Marcia Dowell, executive director of university relations, is comfortable making the following statement: “Please know that in the fall of 2008, an internet web blog – True BU - published communications that included defamation, threats, harassment, and intimidation, directly harming the honesty, integrity, and professional reputation of Butler University and several of its administrators.”


I challenge anyone to find anything I wrote in The True BU that could even be remotely construed as a threat. Indeed, when raising the specter of a threat, the only words the president keeps citing come from a fragment of a sentence which he acknowledges he has no evidence I wrote. And I keep assuring everyone that I didn’t write it.


But Butler University is apparently comfortable telling everyone that my blog made threats.
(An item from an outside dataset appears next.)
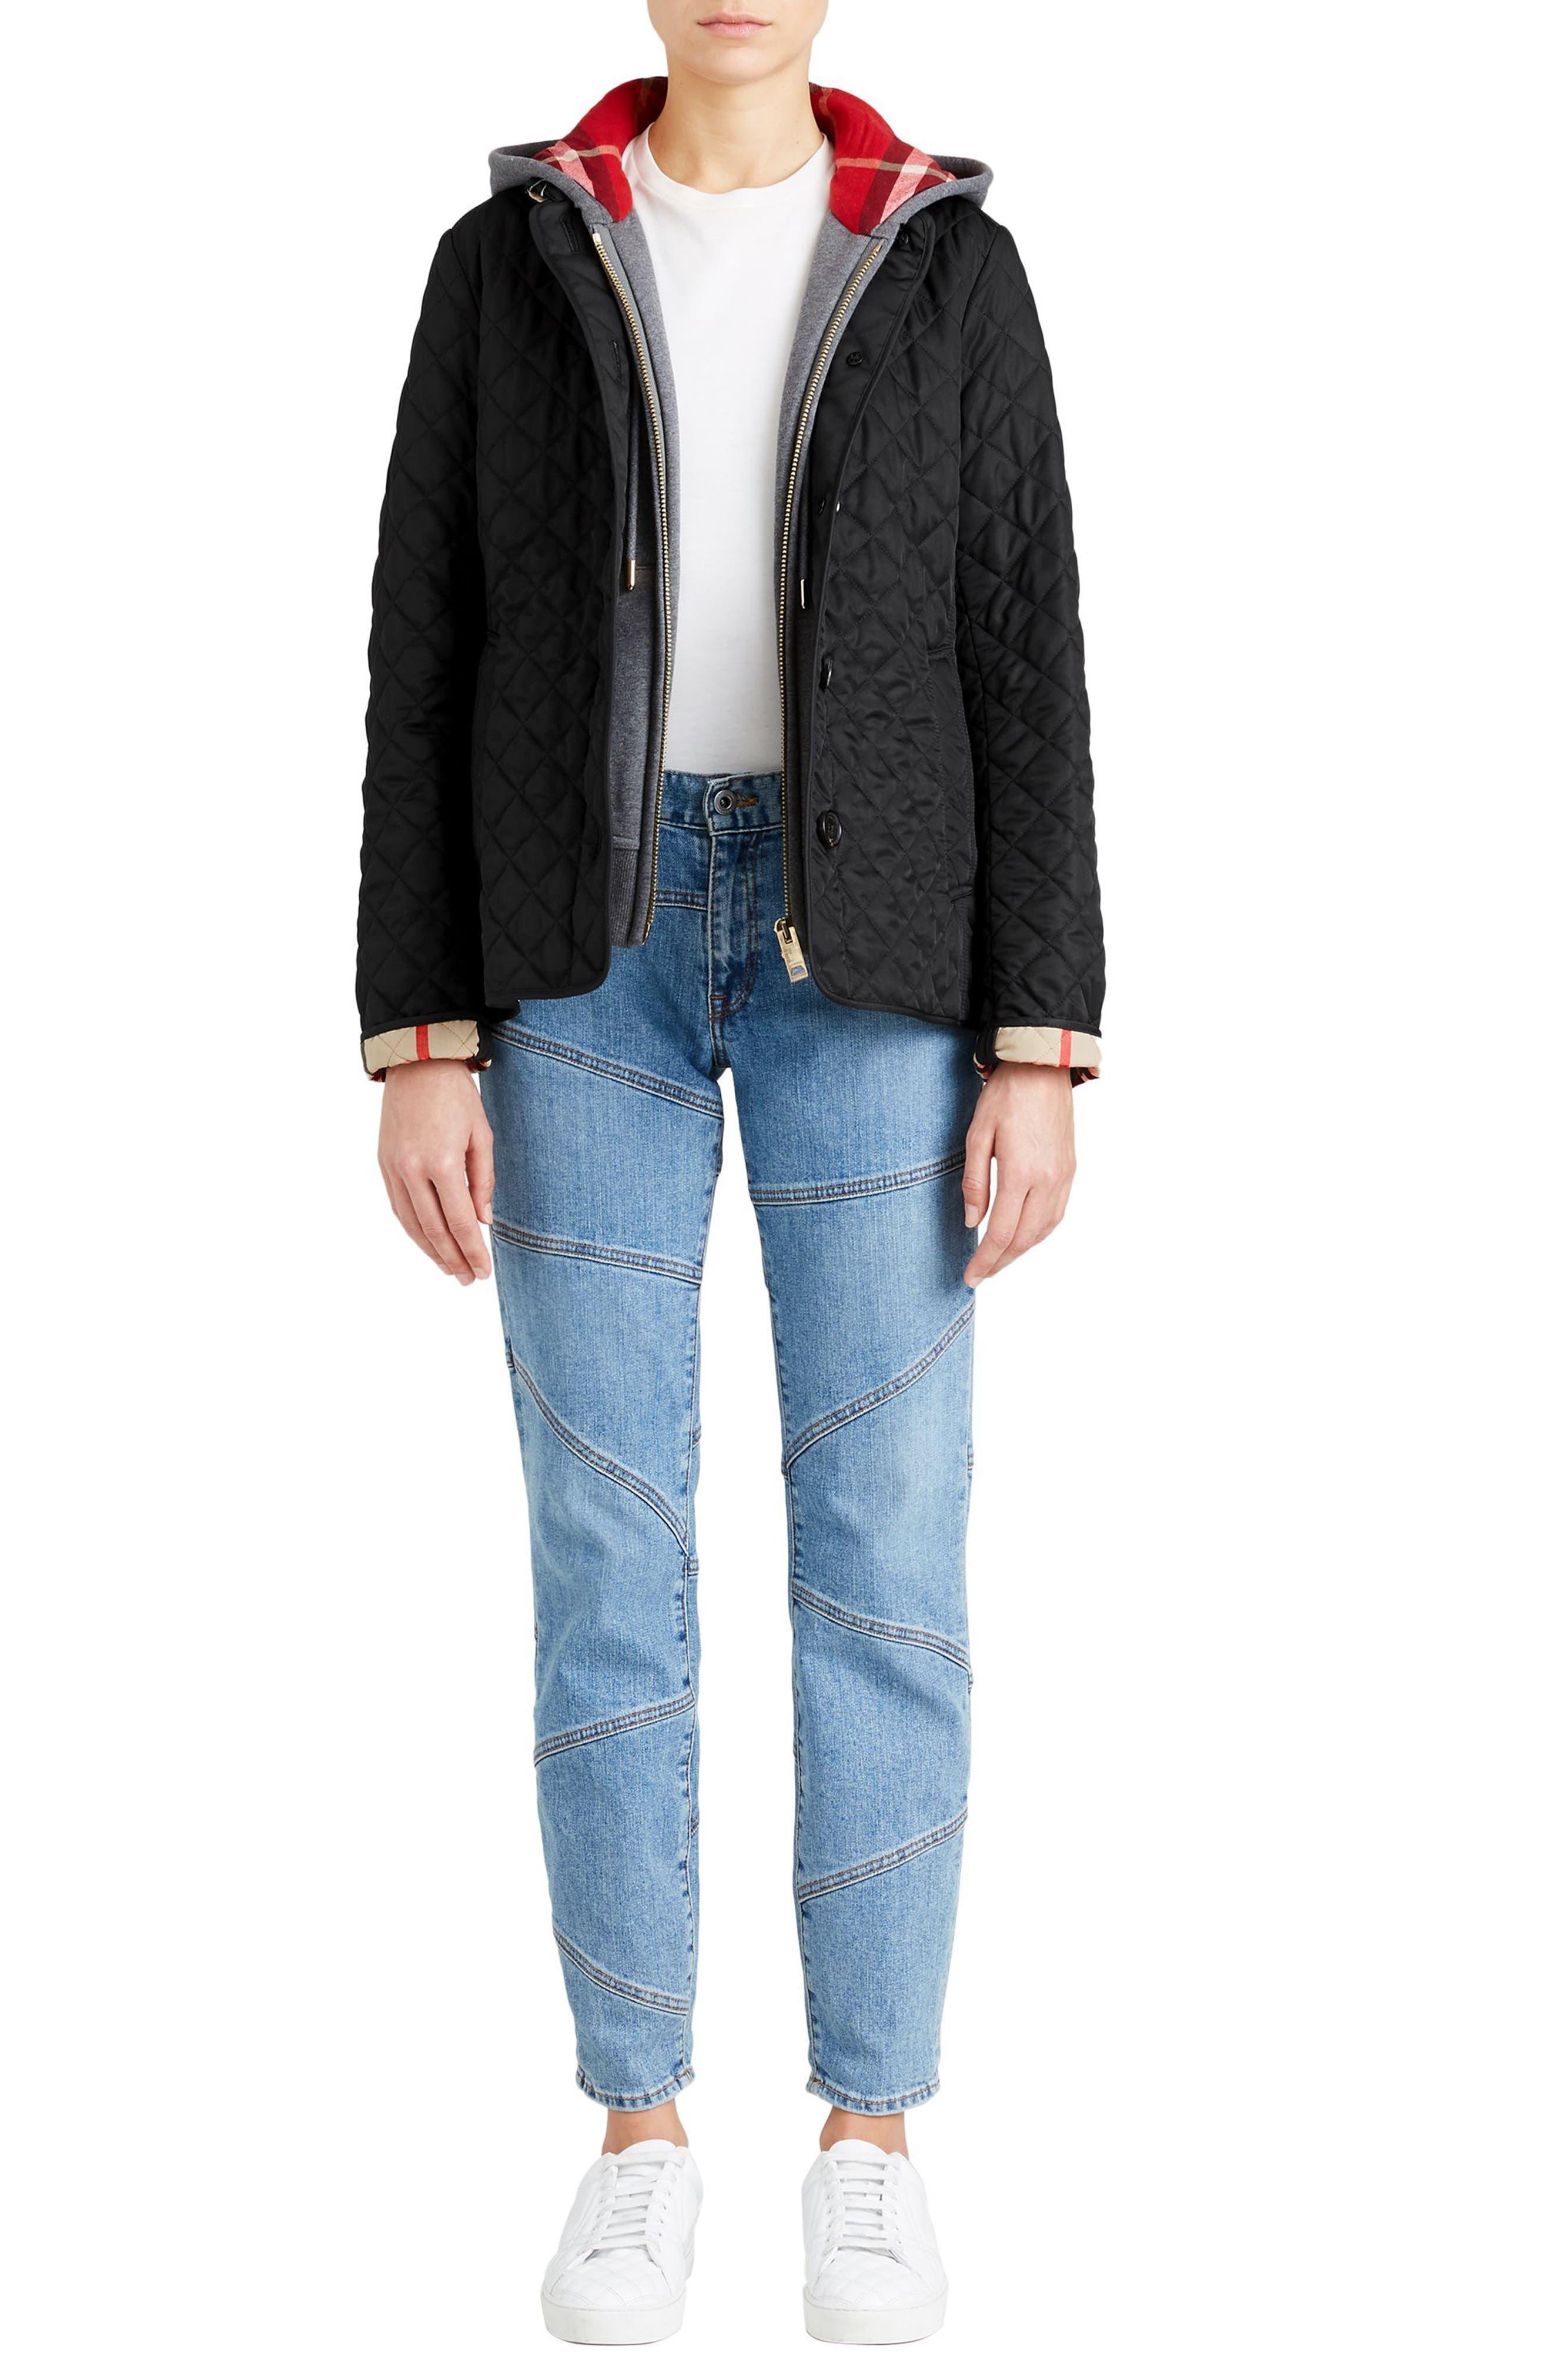 Ashurst Quilted Jacket,                             Alternate thumbnail 12, color,                             BLACK

And they’re comfortable saying that my words harmed the reputation of Butler University and several of its administrators. As Barry Lynn, executive director of Americans United for Separation of Church and State, noted on his radio show on Wednesday, there’s certainly no evidence that anyone was harmed by what I had to say in The True BU. Did I make them uncomfortable by bringing their actions to the public? Did it annoy them that I demonstrated the repeated inconsistencies with what the administration said and what they did? Absolutely – but all of that falls well within the bounds of acceptable speech. My blog was not defamatory: They couldn’t prove it in court, and now they’re trying to tell anyone who asks about it that it was. As I said, every lawyer I have asked has been certain that the only defamation in this entire ordeal is what Butler is saying about me.


Even this afternoon, the chair of the board of trustees issued a statement about the case in which he said that "The Trustees also reaffirm Butler’s pledge to provide for the safety and welfare of its students, administration, faculty and staff." What do my concerns about administrative abuses of power have to do with the safety and welfare of anyone on campus? Why does everyone associated with the Butler administration want to turn every criticism into a physical threat? Could it be that they have no credible response to the criticism itself?